The aim of this study was to evaluate the time to sexual
maturity and quality of initial eggs of Japanese quail affected by in ovo
injection of plant extracts: ginger (GR), garlic (GC), oregano (O) and
cinnamon (C). In total, 2400 eggs of Japanese quails were
divided into six groups on the fifth day of incubation. Group I was the control group (NC), which was not
injected. Other eggs were injected with 0.1 mL of liquid: group II –
the positive control (PC) – with distilled water, group III with 1 % solution of GR, group IV with GC, group V with O and group VI with C. After hatching, the birds were reared in a cage system
and fed with balanced mixtures, and 24 h lighting was used. The time at which birds reached sexual maturity was registered, while in the seventh week of rearing, 120 eggs were subject to quality evaluation. The traits of a whole egg (shape index as the ratio of
egg width to egg length, weight, specific gravity), shell (strength, weight,
thickness and density), albumen (weight, height), yolk (color, weight,
index) were evaluated. At the earliest, on 36th day of life, eggs were laid
by birds from the GC group, followed by C (37th day), O and NC (38th day), GR (39th day), and PC (41st day). During the first 2 weeks significantly more
eggs were collected from the GC than from the other groups. The heaviest eggs
derived from GC and GR groups, whereas the lightest came from the C group. Eggs from the GC group had the best shell strength and the greatest proportion of yolk. The
use of medicinal herbs by injection in ovo may considerably modify both time of
sexual maturity and quality of the initial eggs of Japanese quail.
Introduction
In ovo technology (IO) enables us to insert into an egg various substances that can
modify the embryo development, as well as many physiological and production
characteristics in the later life of the bird. Most often substances
characterized by nutritional or immunostimulating modes of action are used.
This last property may refer to plant extracts (PEs).
IO on different sites of the egg has been carried out routinely by many researchers
(Maiorano et al., 2012) by some exogenous solutions, for
example carbohydrates (Tako et al., 2004), proteins, amino acids (Ohta et
al., 2001; Bhanja et al., 2005), vitamins (Al-Shammari, 2012), minerals,
hormones, synbiotics or antibiotics. IO with aqueous PEs has two potential
targets: firstly, as biological growth promoters, due to their contents of
natural basic nutrients (proteins, carbohydrates, fat, vitamins, trace
elements), which are regarded as primary ingredients of plants (Grashorn,
2010); secondly, as precautionary and antioxidant promoters, due to their
biological EO (essential oil) contents and other bioactive components as plant secondary
metabolites (Kabera et al., 2014).
Malheiros et al. (2012) recommended that in ovo administration with essential oils
extracted from herbs (oregano, cinnamon, sage, rosemary) may have a positive
effect on the increasing antioxidant status of hatched chicks. However, the injection of these oils in ovo is fraught with difficulties, basically because of their liposoluble nature. There is a lack of papers concerning
this innovative topic regarding our tested PEs. The effect of
different levels of PEs or their derivatives on hatching, productive and
immune results through IO has been studied by researchers, who examined, for instance, α-galactoside of lupin seeds (Villaluenga et al., 2004), α-galactoside of pea (Pilarski et al., 2005), caffeine (McGruder et al.,
2011), grape seed (Hajati et al., 2014), pollens of sunflower (Coşkun et
al., 2014), wheat (Tako et al., 2014), garlic, tomato (Fazli et al., 2015),
thyme, savory (Saki and Salary, 2015), or Silybum marianum (Morovata et al., 2016).

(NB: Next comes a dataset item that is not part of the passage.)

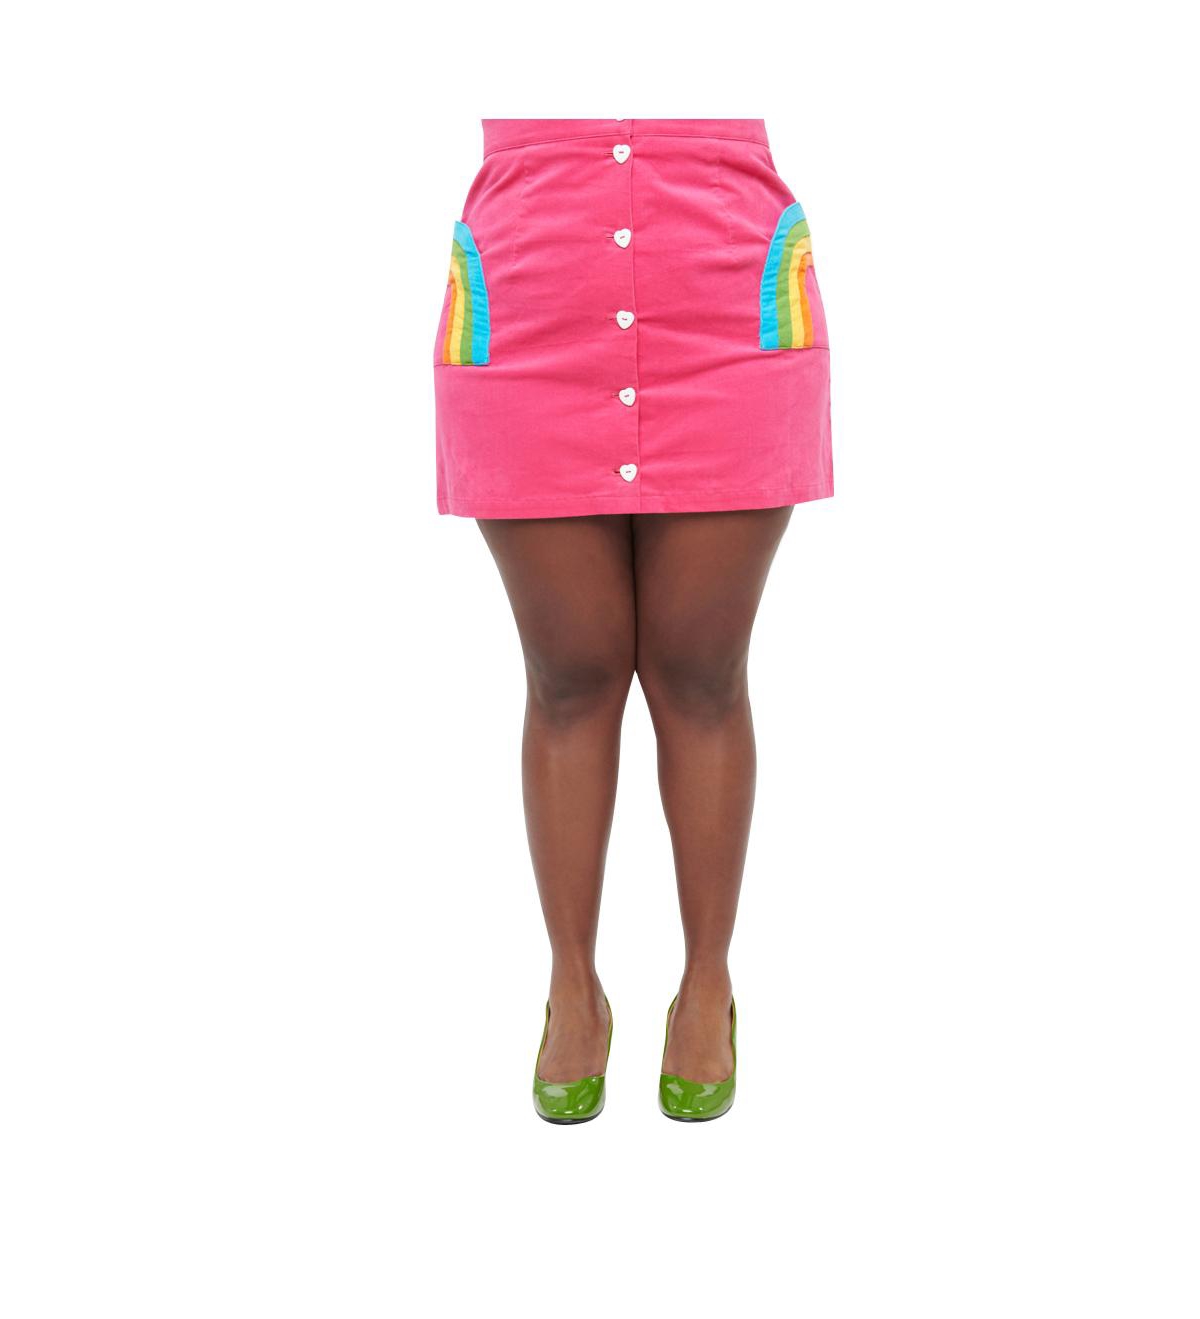 Plus Size Match Game Mini Skirt - Hot pink  rainbow

It is worth mentioning that some PEs were tested for their antiviral
(Rezatofighi et al., 2014) and antimicrobial activity (Burt, 2004), as
natural anticoccidial (Dalloul et al., 2006), as biological antioxidants
reacting with free radicals (Wallace et al., 2010), for anti-inflammatory
activity of the phytochemicals contained (Sahin et al., 2013) and for immunostimulant functions (Frankic et al., 2009).
The aim of this study was to evaluate the time to sexual maturity and
quality of initial eggs of Japanese quail affected by in ovo injection of plant extracts: ginger (GR, Zingiber officinale), garlic (GC, Allium sativum), oregano (O, Origanum vulgare) and cinnamon (C,
Cinnamomum verum). The choice of plants was determined by their various properties. It was
hypothesized that PEs can have two positive effects on avian embryos: as
natural growth promoters and as an antioxidant.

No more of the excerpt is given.